A test used to measure something.

protein

A substance which forms the structure of most cells and enzymes.

first-line therapy

The regimen used when starting treatment for the first time.

trend

In everyday language, a general movement upwards or downwards (e.g. every year there are more HIV infections). When discussing statistics, a trend often describes an apparent difference between results that is not statistically significant. 

Twelve individuals had recent HIV infection (identifiable only by viral load testing or by an indeterminate antibody test and a positive viral load test). The remainder had early HIV infection, identified by a positive antibody test.

Blood samples from individuals on treatment were tested for HIV antibodies twice: after 48 weeks on treatment, and at the latest time point at which the individual had an undetectable viral load (a median of 105 weeks after starting treatment). In cases where loss of antibody reactivity (seroreversion) occurred, stored blood samples were tested more frequently, using a variety of antibody tests.

Antibodies testing was carried out using four different second and third generation ELISA tests (the standard first-line antibody test), and two different confirmatory Western Blot tests.
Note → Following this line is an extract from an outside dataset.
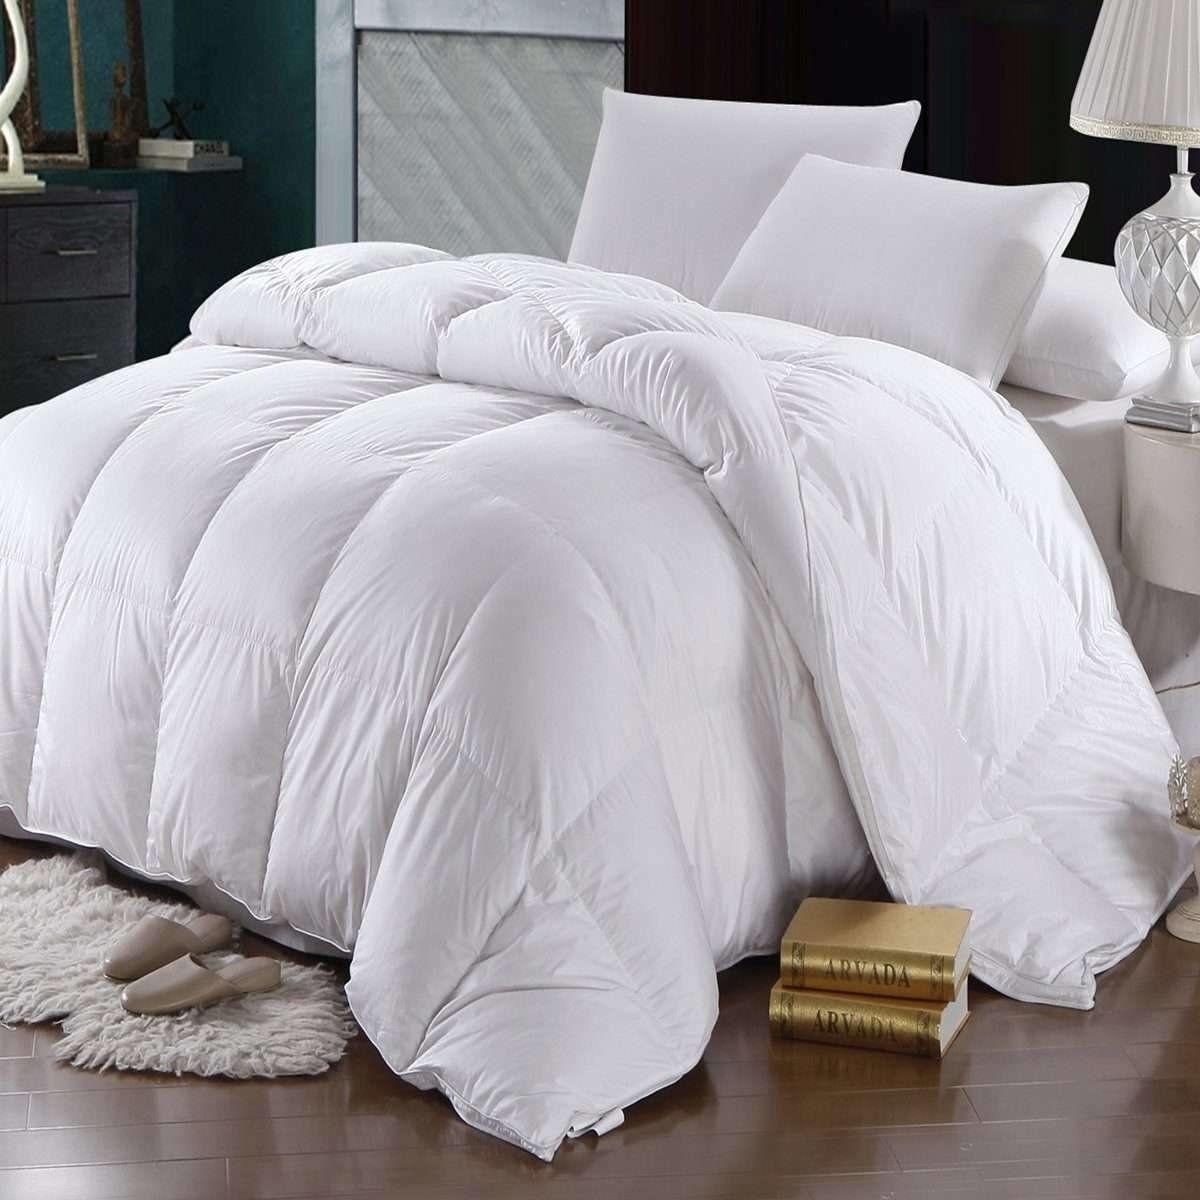 Oversized Winter Weight Goose Down Duvet Down comforter
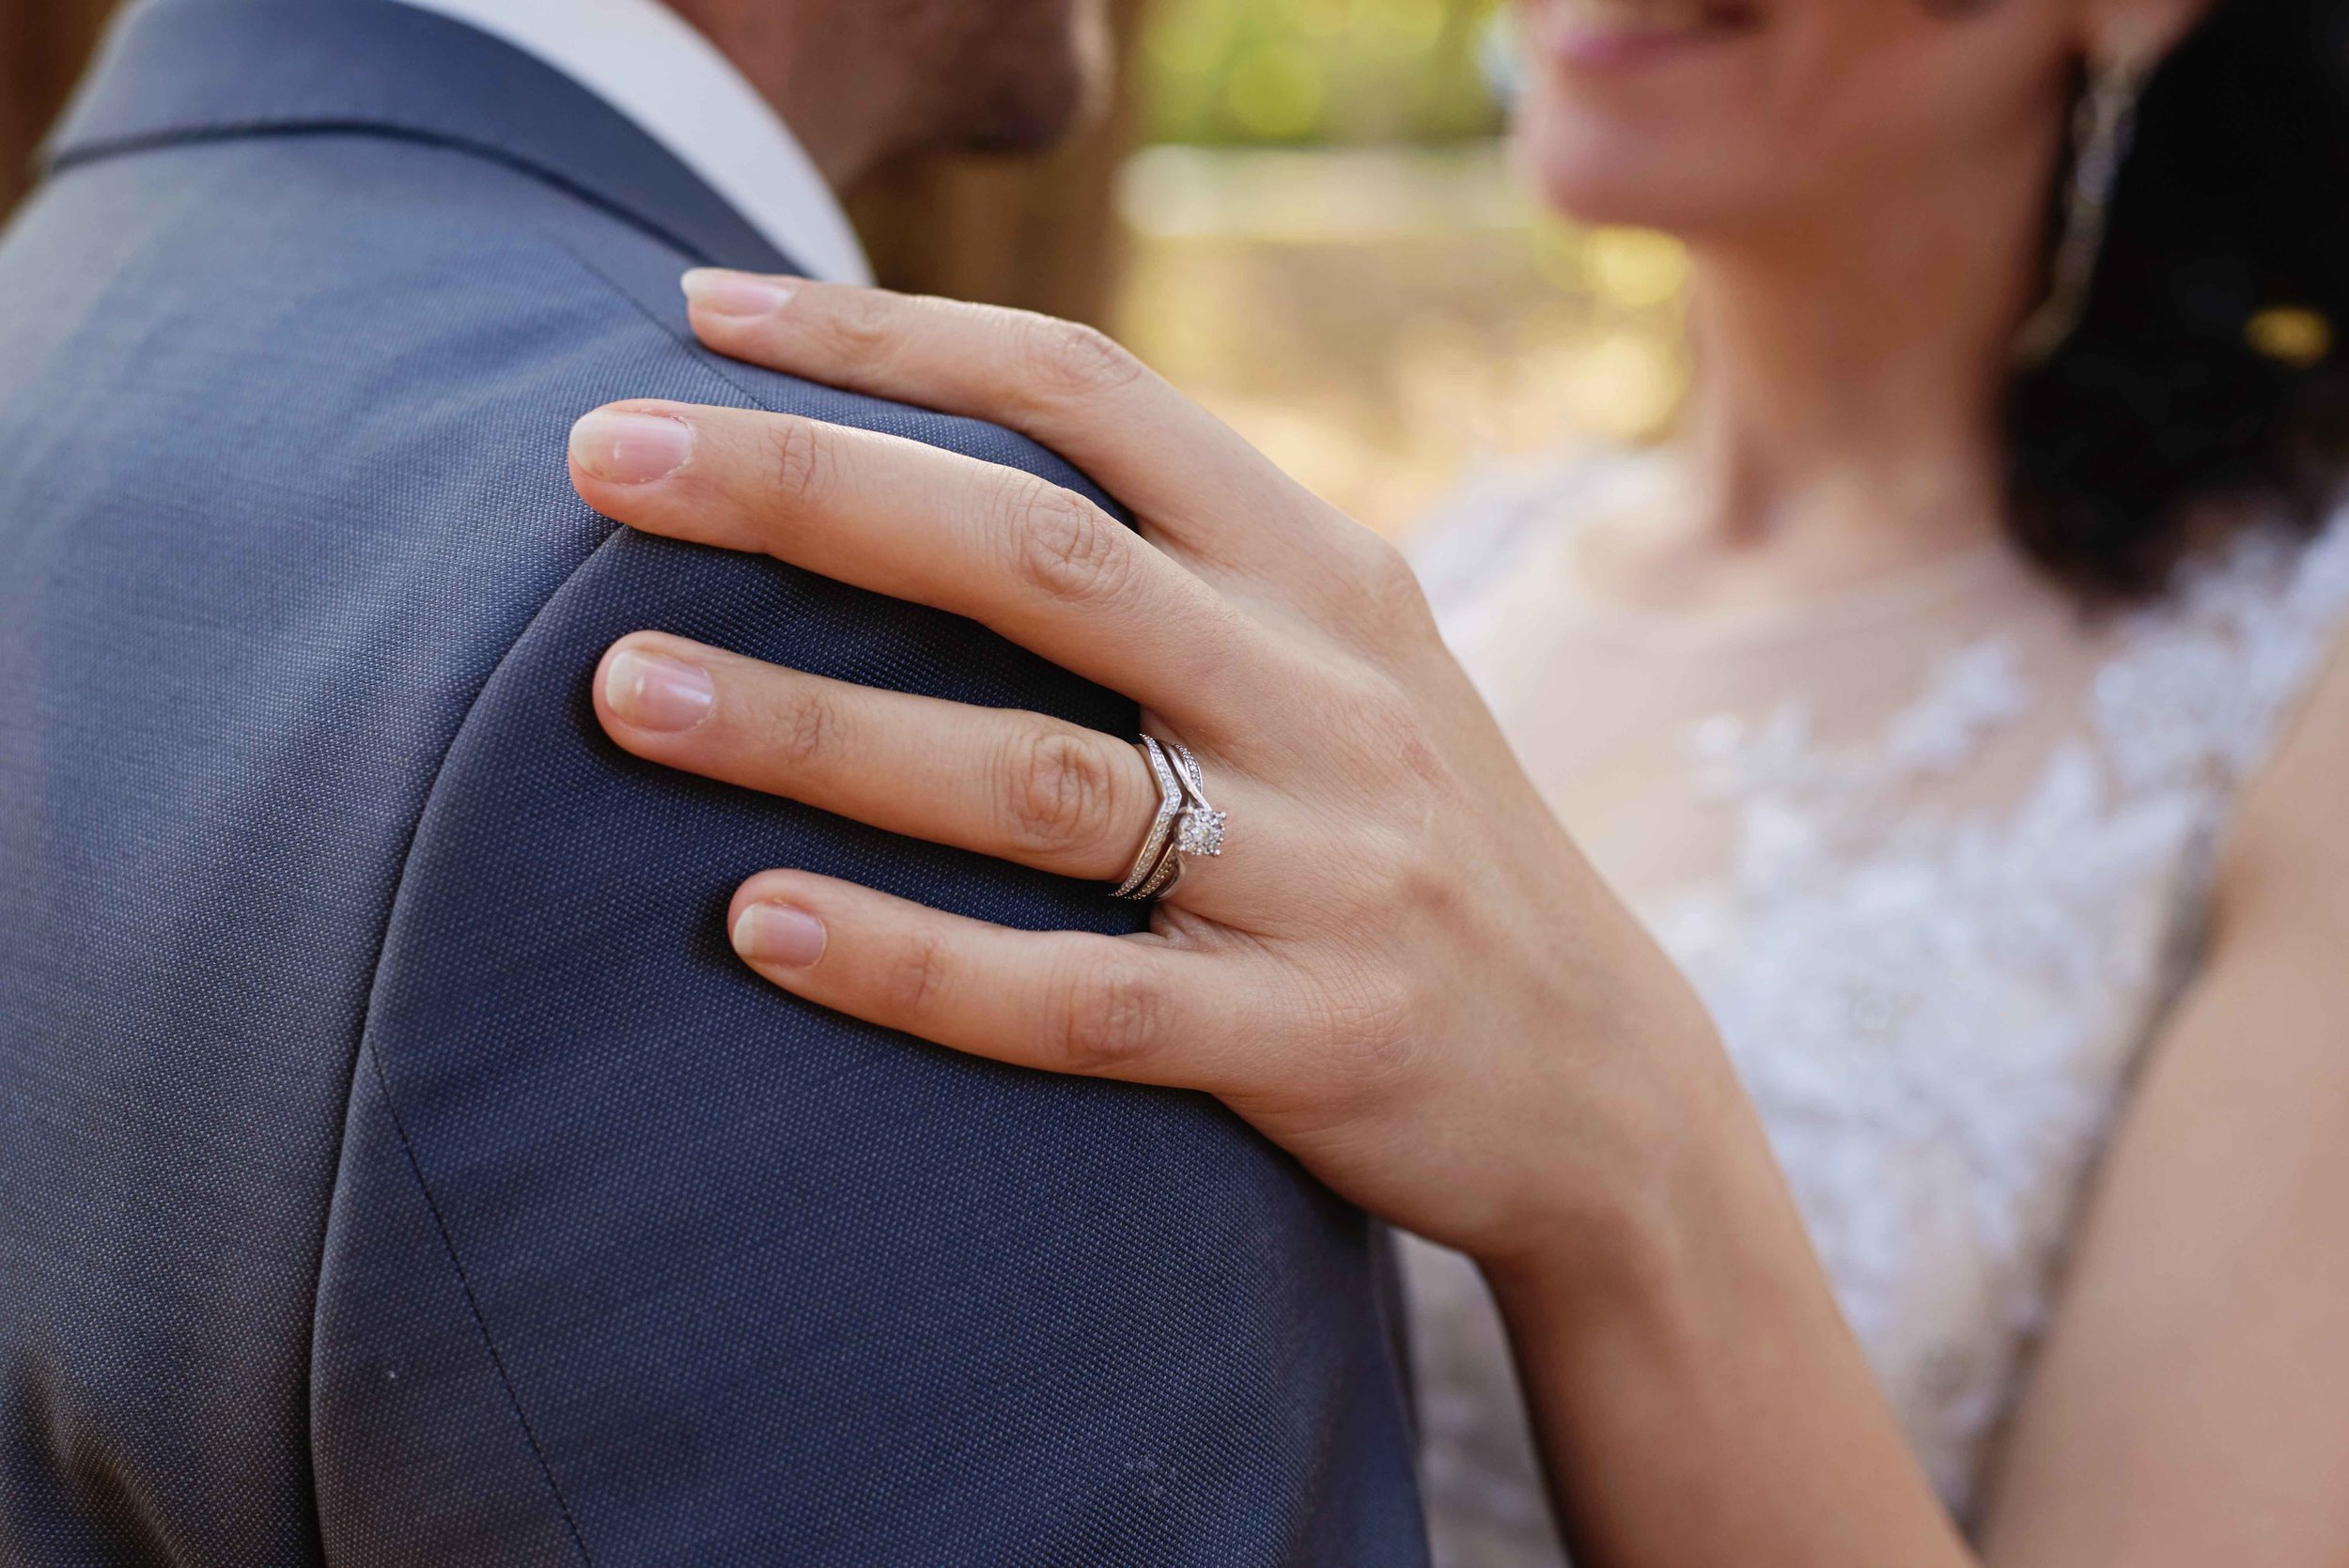 sorrento-wedding-photography-all-smiles-marissa-jade-photography-146.jpg

Of the twelve who lacked antibody responses before beginning antiretroviral treatment, all but one developed antibodies on standard tests. One patient, antibody negative at baseline but with a viral load above 500,000 copies/ml, tested positive only with a third-generation antibody test, and developed a positive Western blot result at week 16 only to revert to indeterminate Western blot status by week 24. However, third generation antibody test results remained persistently positive during follow-up out to 60 weeks of treatment.

Five individuals who had tested antibody positive at baseline experienced negative antibody results using second-generation tests on at least one test after starting treatment, and in all cases had negative antibody status at the time of their last undetectable viral load result. However positive Western blot results persisted over time for the HIV envelope protein gp160 and core protein p24, even if reactivity to other HIV proteins such as gp120 and gp41 was lost over time.
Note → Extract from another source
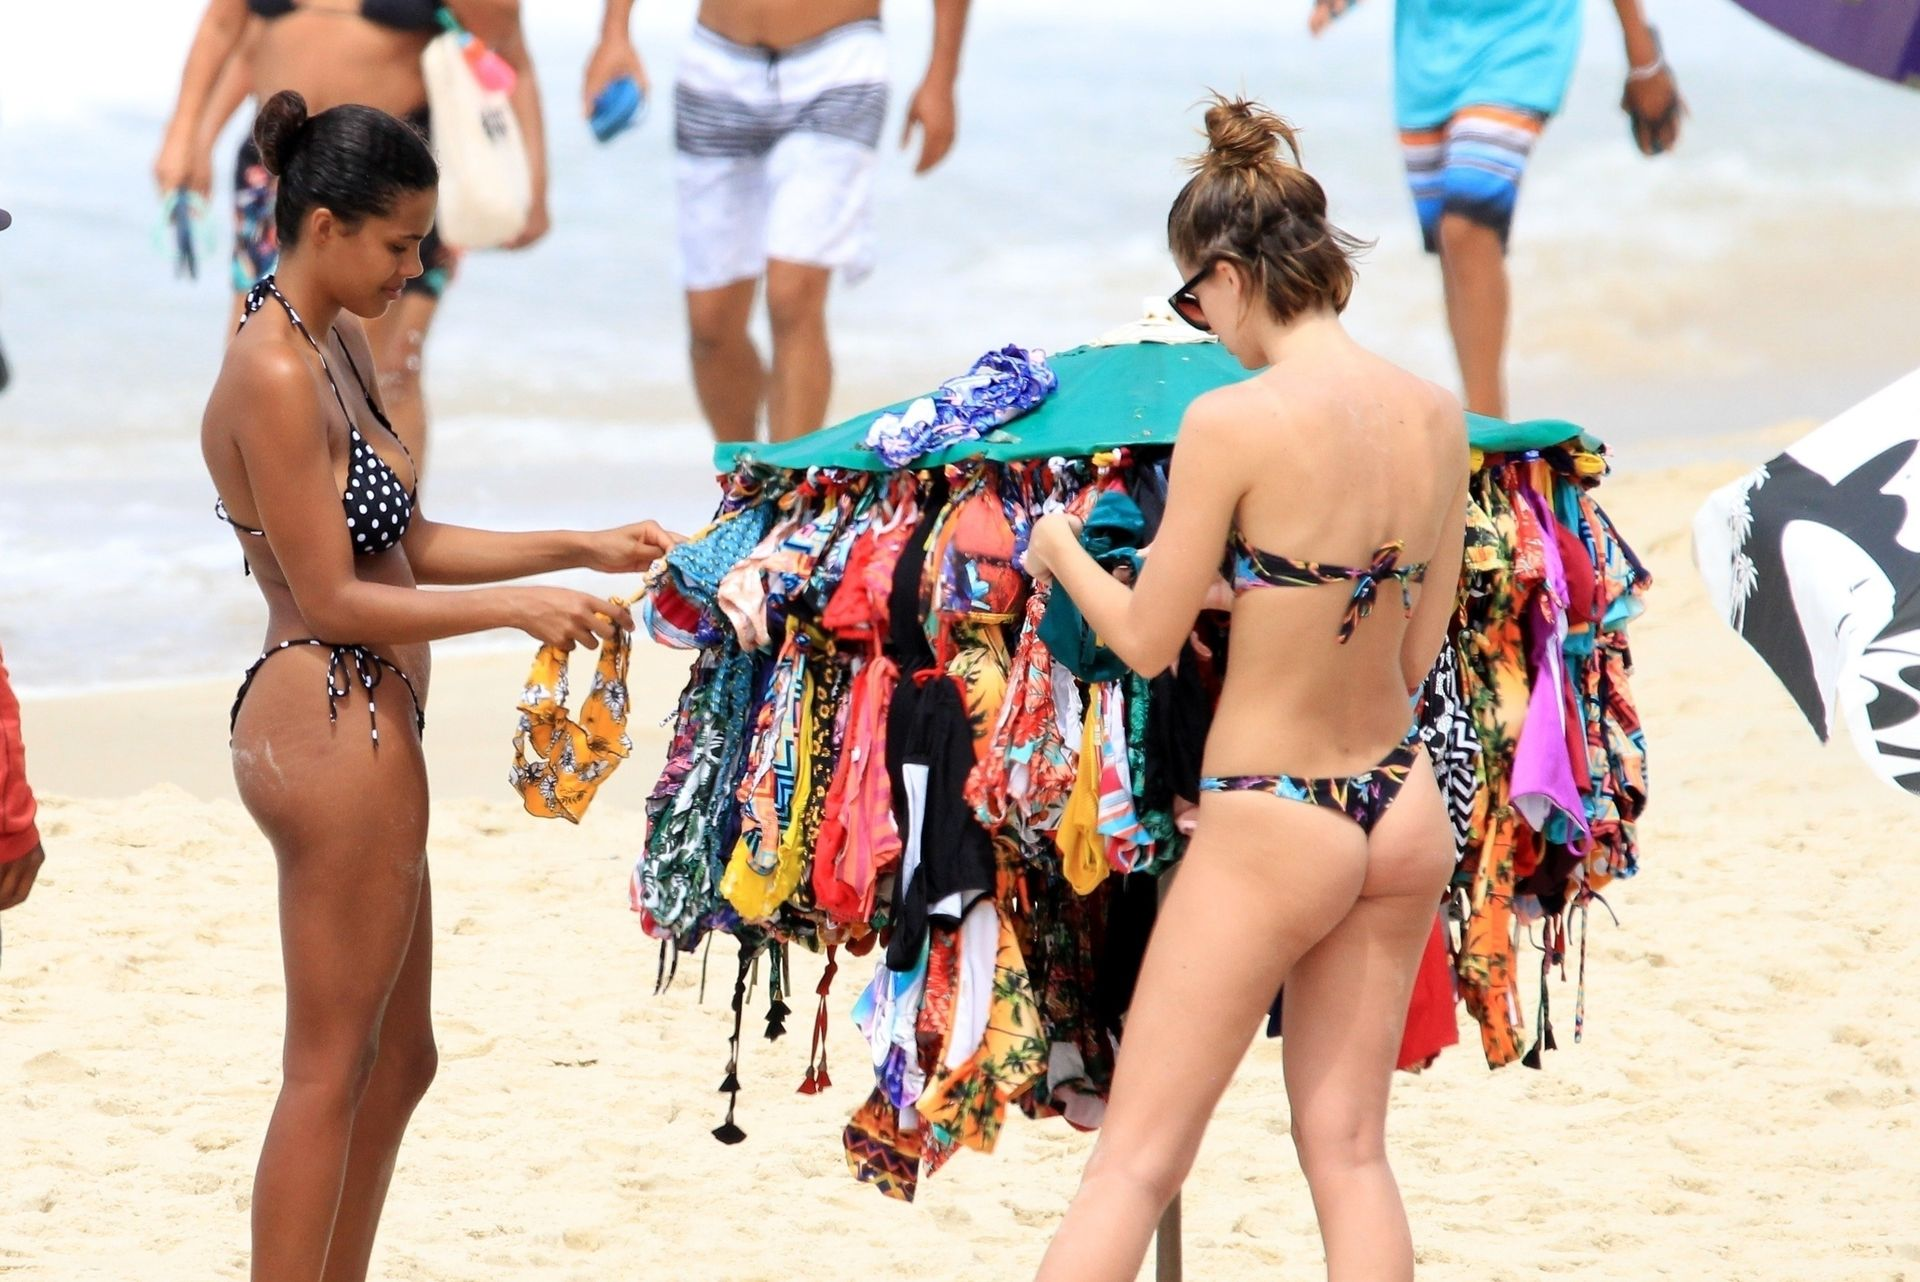 Tina Kunakey Nearly Nip Slip While Frolicking On The Beach In Rio 0066

When three individuals who had demonstrated seroreversion were tested for HIV-specific T-cell responses, one was found to have no responses to any HIV proteins at baseline or at end of the follow-up period. This was the patient with a baseline viral load above 500,000 copies and indeterminate antibody responses on Western blot testing after week 24. This patient was continuing to take antiretroviral therapy at the end of the follow-up period.

However, the remaining five patients who experienced seroreversion on treatment all elected to stop antiretroviral therapy, and all experienced rebound of HIV viral load and re-emergence of antibody responses.

The incidence of seroreversion in the population studied was 7% during a median treatment period of 105 weeks, with a trend towards a greater likelihood of seroreversion with longer duration of treatment.

The only factor that was predictive of seroreversion was a low antibody titre, or value, in the initial `detuned` antibody assay. A `detuned` assay is designed to pick up early traces of HIV antibodies for surveillance purposes, blood donor screening and research, but is not used as a standard diagnostic test.

References

Hare CB et al. Seroreversion in subjects receiving antiretroviral therapy during acute/early HIV infection. Clin Inf Dis 42 (online edition, March 1), 2006.